I just finished running a fairly large number of WGS samples through HaplotypeCaller and I've been using VariantEval to look at some summary stats on these samples. I've noticed that under '#:GATKTable:VariantSummary:1000 Genomes Phase I summary of variants table' there's a section on structural variations and that apparently I'm getting about 3500 in one of my samples.

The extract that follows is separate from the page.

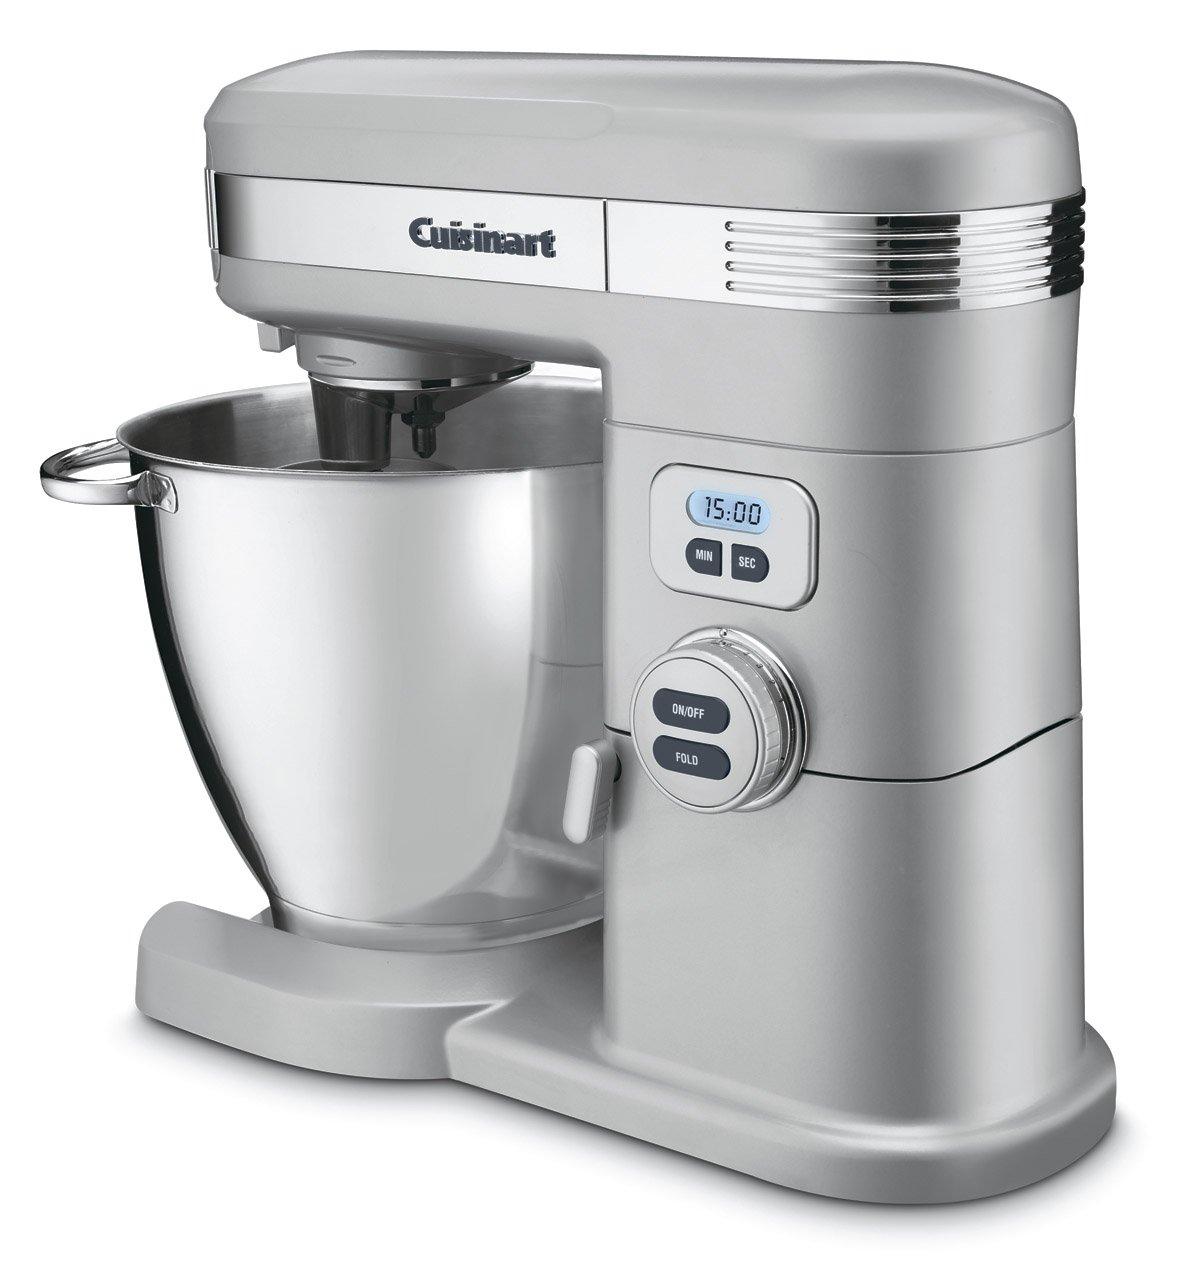 Galleon Cuisinart Sm 70bc 7 Quart 12 Speed Stand Mixer

Here's the actual section of the table in question:
#:GATKTable:20:3:%s:%s:%s:%s:%s:%d:%d:%d:%.2f:%s:%d:%.2f:%.1f:%d:%s:%d:%.1f:%d:%s:%d:; #:GATKTable:VariantSummary:1000 Genomes Phase I summary of variants table VariantSummary CompRod EvalRod JexlExpression Novelty nSamples nProcessedLoci nSNPs TiTvRatio SNPNoveltyRate nSNPsPerSample TiTvRatioPerSample SNPDPPerSample nIndels IndelNoveltyRate nIndelsPerSample IndelDPPerSample nSVs SVNoveltyRate nSVsPerSample VariantSummary dbsnp vcf1 none all 1 3095693981 3446166 2.08 1.34 3446166 2.08 0.0 962028 15.33 962028 0.0 3282 73.58 3282 VariantSummary dbsnp vcf1 none known 1 3095693981 3399907 2.08 0.00 3399907 2.08 0.0 814506 0.00 814506 0.0 867 0.00 867 VariantSummary dbsnp vcf1 none novel 1 3095693981 46259 1.71 100.00 46259 1.71 0.0 147522 100.00 147522 0.0 2415 100.00 2415
I didn't think that HaplotypeCaller even looked for structural variations, so I tried to find these structural variations in the VCF, hoping they were encoded as described here and I couldn't find anything. Could someone tell me why VariantEval is showing a number of structural variations but the actual VCF isn't finding any? Does VariantEval just interpret a sufficiently large indel as a SV? If so, I can understand why it may call some structural variations considering there are indels longer than 1k bp in the indels of the sample.